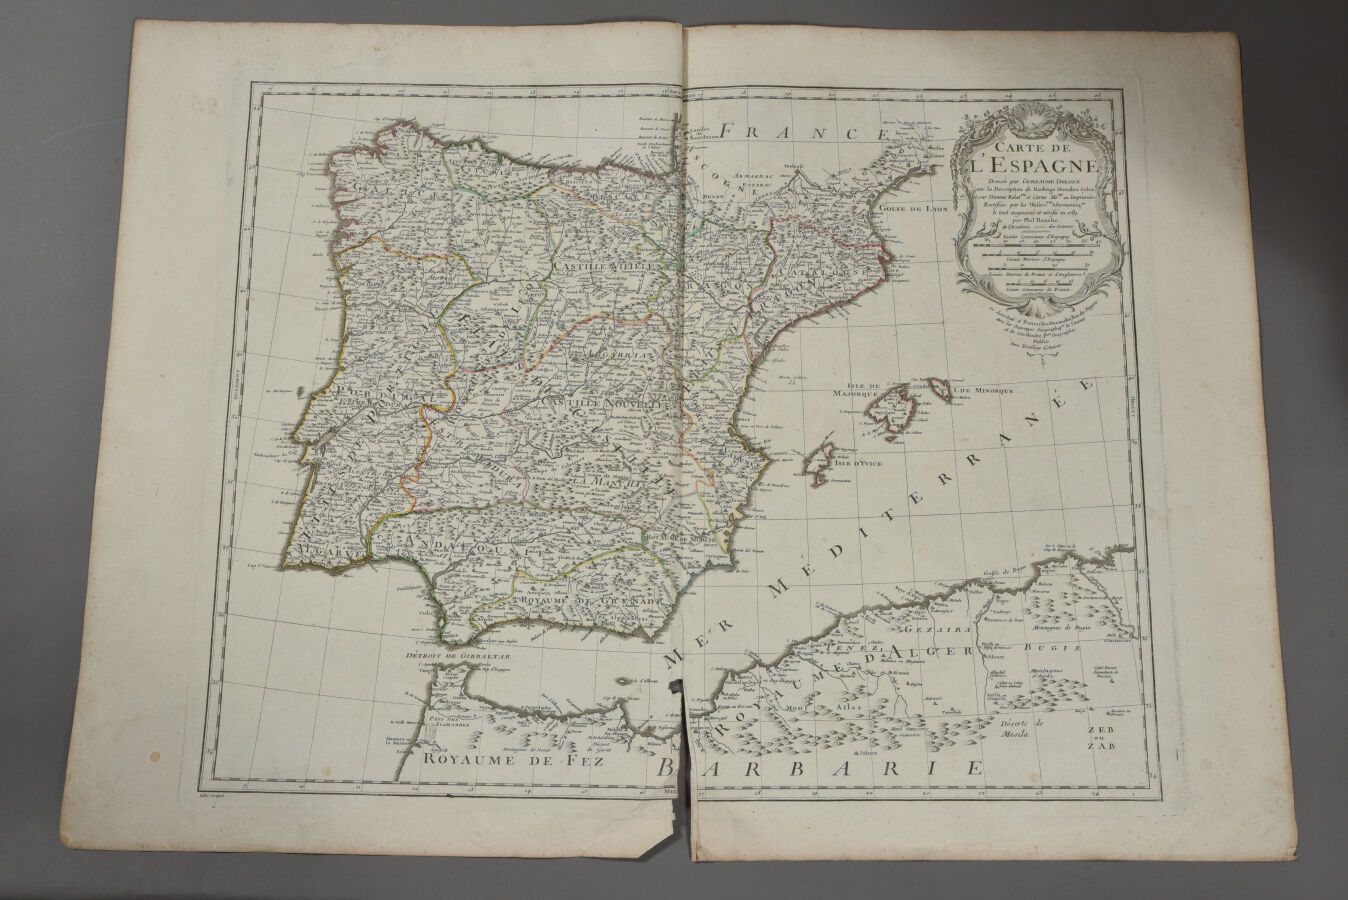 Null GUILLAUME DELISLE & DEZAUCHE his successor
(France, 18th century)
Map of Sp&hellip;
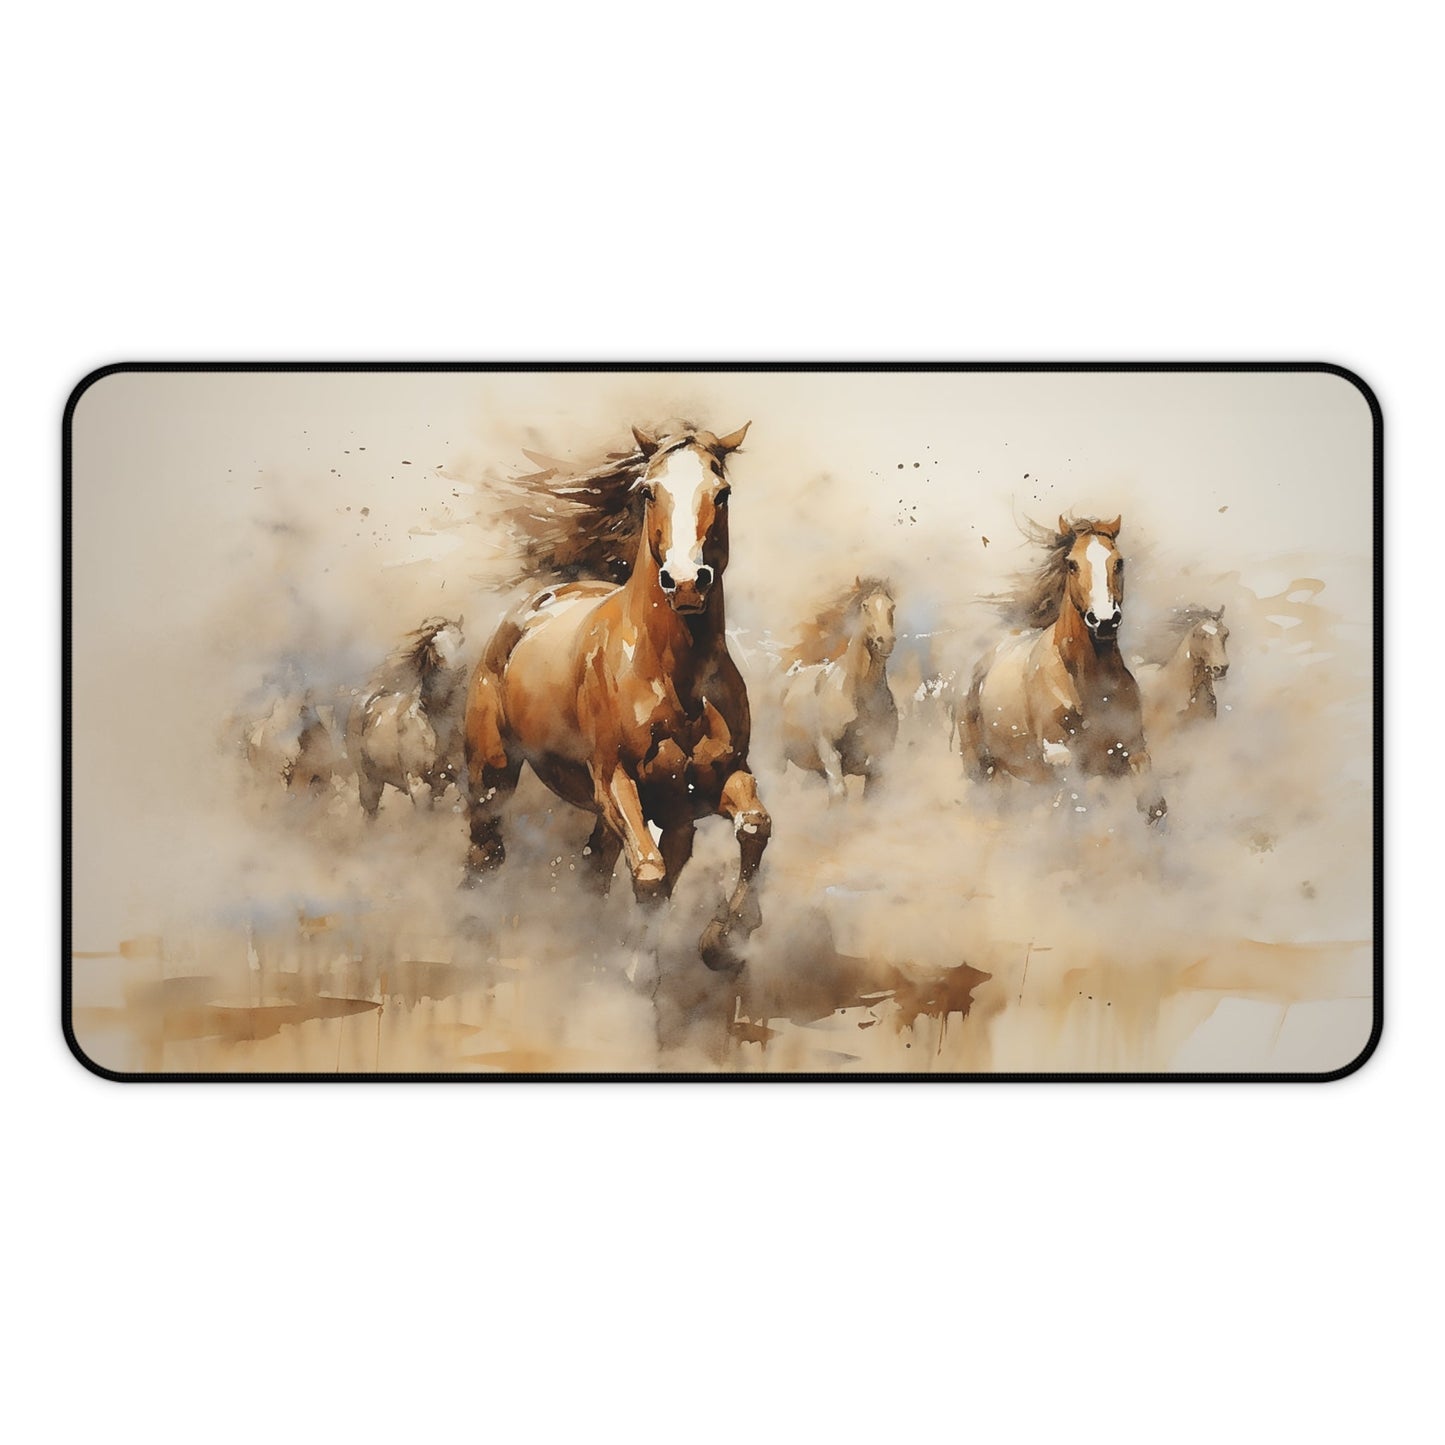 Galloping Wild Horses MousePad / Desk Mat, Wild Mustang Horse in a Beautiful Watercolor XL Desk Mat - Horse Love, Gift for Horse Person - FlooredByArt

* * * * * * * * *

What the task requires:
Write the material out again exactly. Skip each picture.

Task solution:
 Null GUILLAUME DELISLE & DEZAUCHE his successor
(France, 18th century)
Map of Sp&hellip;
 Galloping Wild Horses MousePad / Desk Mat, Wild Mustang Horse in a Beautiful Watercolor XL Desk Mat - Horse Love, Gift for Horse Person - FlooredByArt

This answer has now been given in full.